* [Dataset extract]
******************************
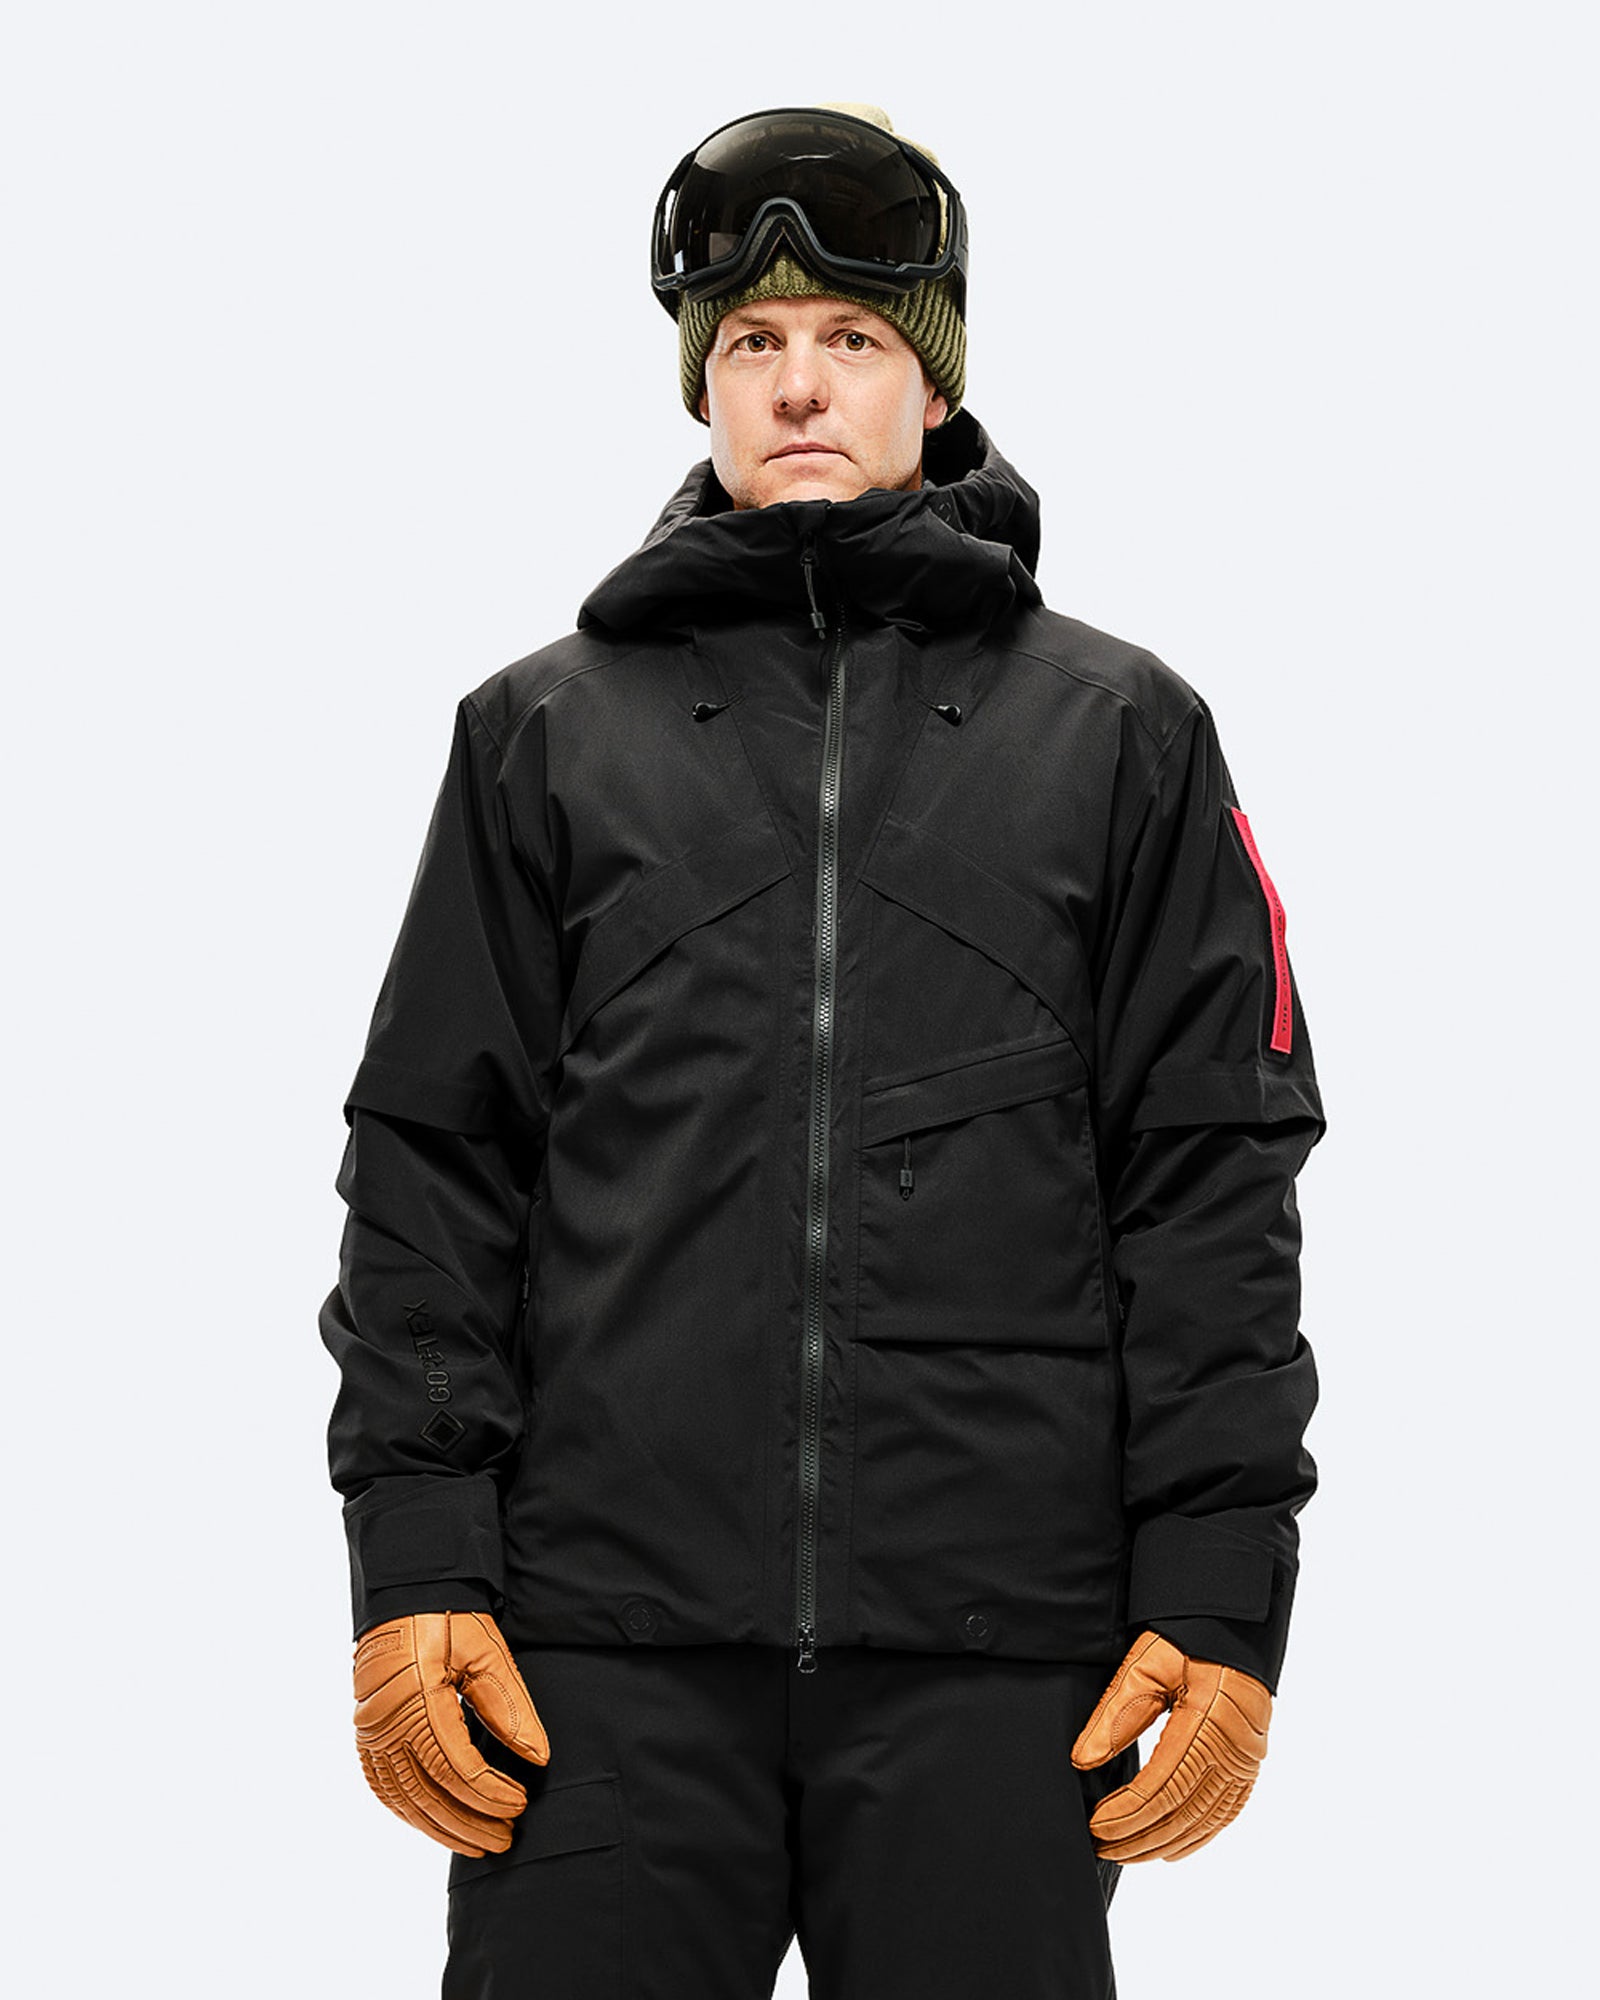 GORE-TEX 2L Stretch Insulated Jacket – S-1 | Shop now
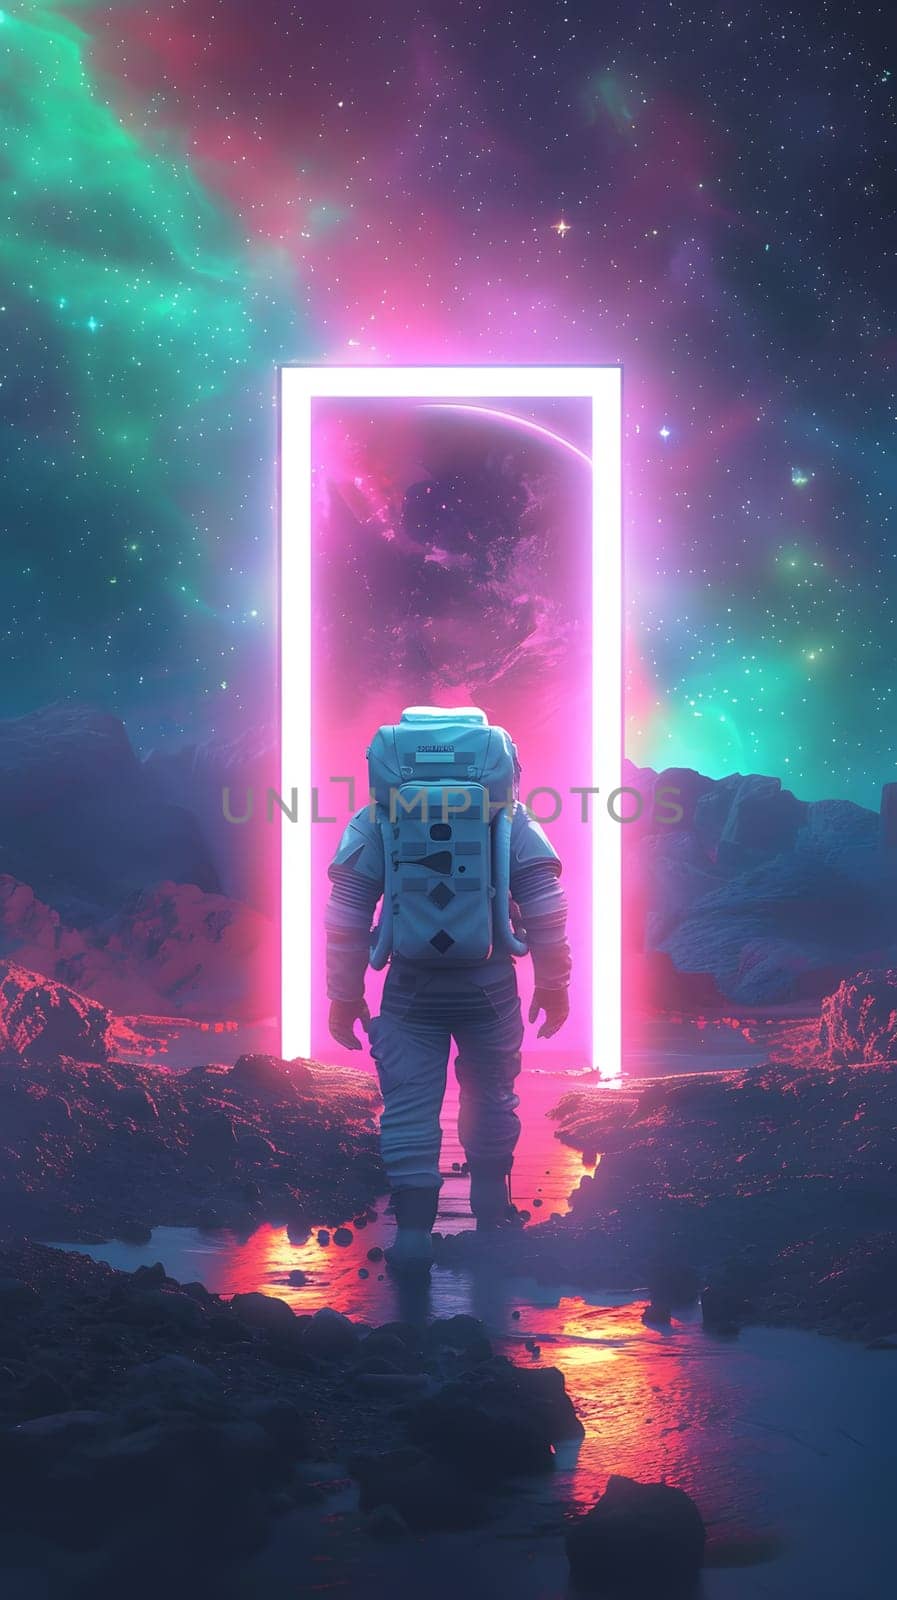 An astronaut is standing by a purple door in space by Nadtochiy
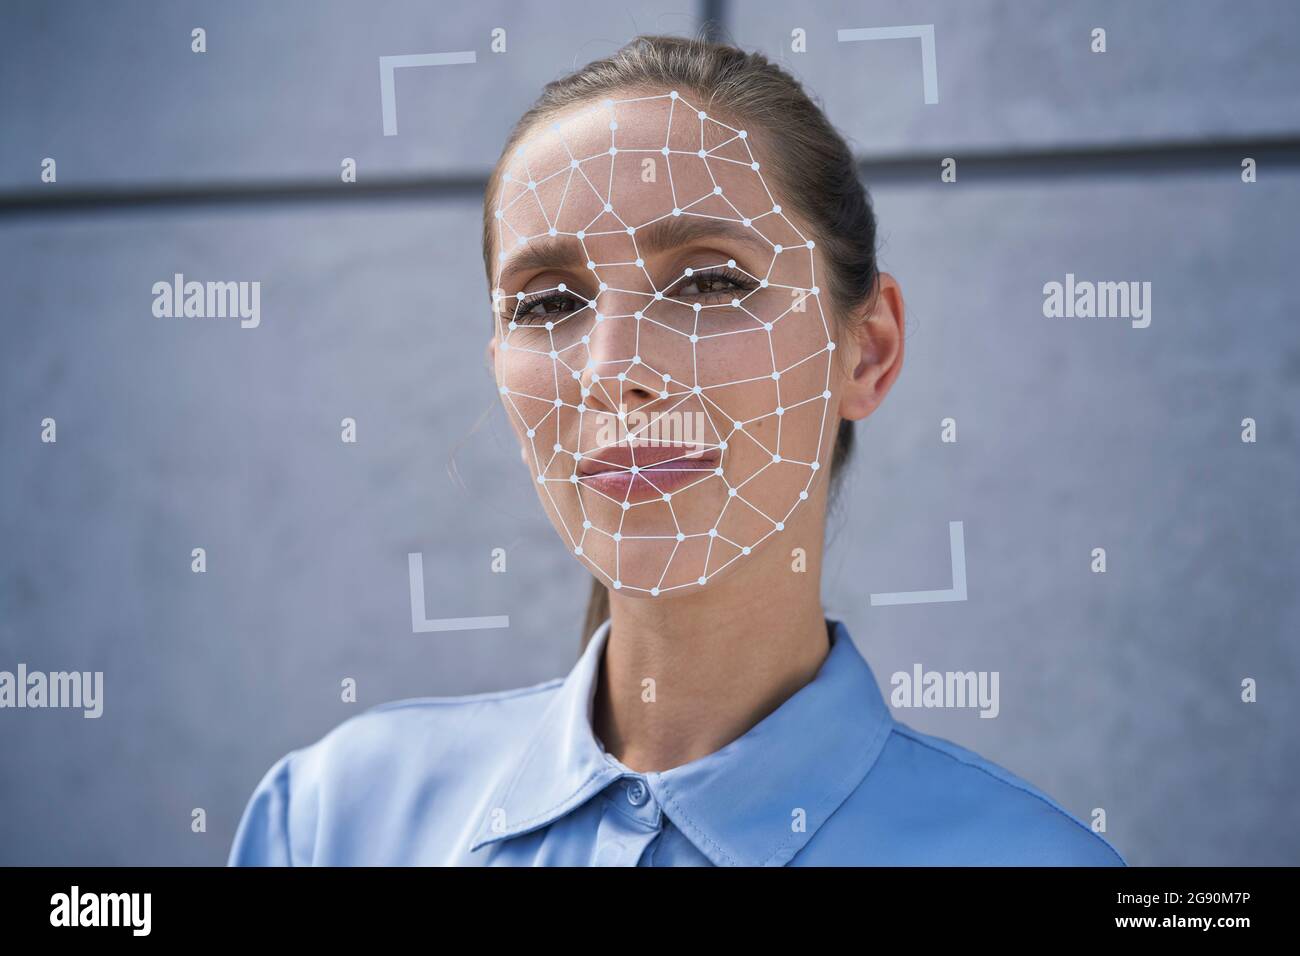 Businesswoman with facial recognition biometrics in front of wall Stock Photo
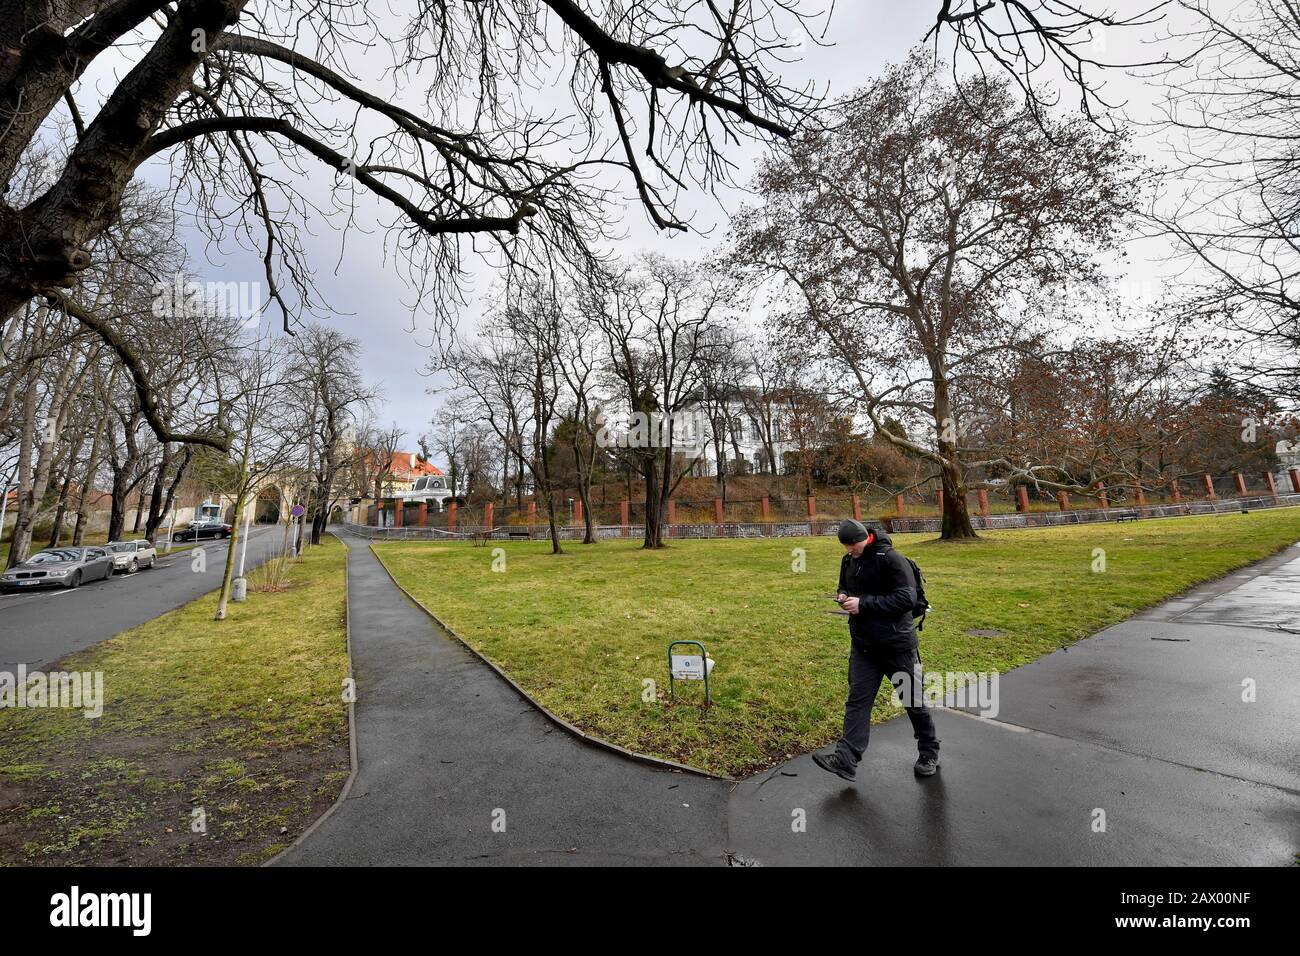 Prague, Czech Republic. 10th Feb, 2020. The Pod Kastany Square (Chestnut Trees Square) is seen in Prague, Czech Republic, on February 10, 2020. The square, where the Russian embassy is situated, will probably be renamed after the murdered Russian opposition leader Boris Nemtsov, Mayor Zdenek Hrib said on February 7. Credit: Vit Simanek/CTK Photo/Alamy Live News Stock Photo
******************************
Exclude the images, then output the data above word for word.

 GORE-TEX 2L Stretch Insulated Jacket – S-1 | Shop now
 An astronaut is standing by a purple door in space by Nadtochiy
 Businesswoman with facial recognition biometrics in front of wall Stock Photo
 Prague, Czech Republic. 10th Feb, 2020. The Pod Kastany Square (Chestnut Trees Square) is seen in Prague, Czech Republic, on February 10, 2020. The square, where the Russian embassy is situated, will probably be renamed after the murdered Russian opposition leader Boris Nemtsov, Mayor Zdenek Hrib said on February 7. Credit: Vit Simanek/CTK Photo/Alamy Live News Stock Photo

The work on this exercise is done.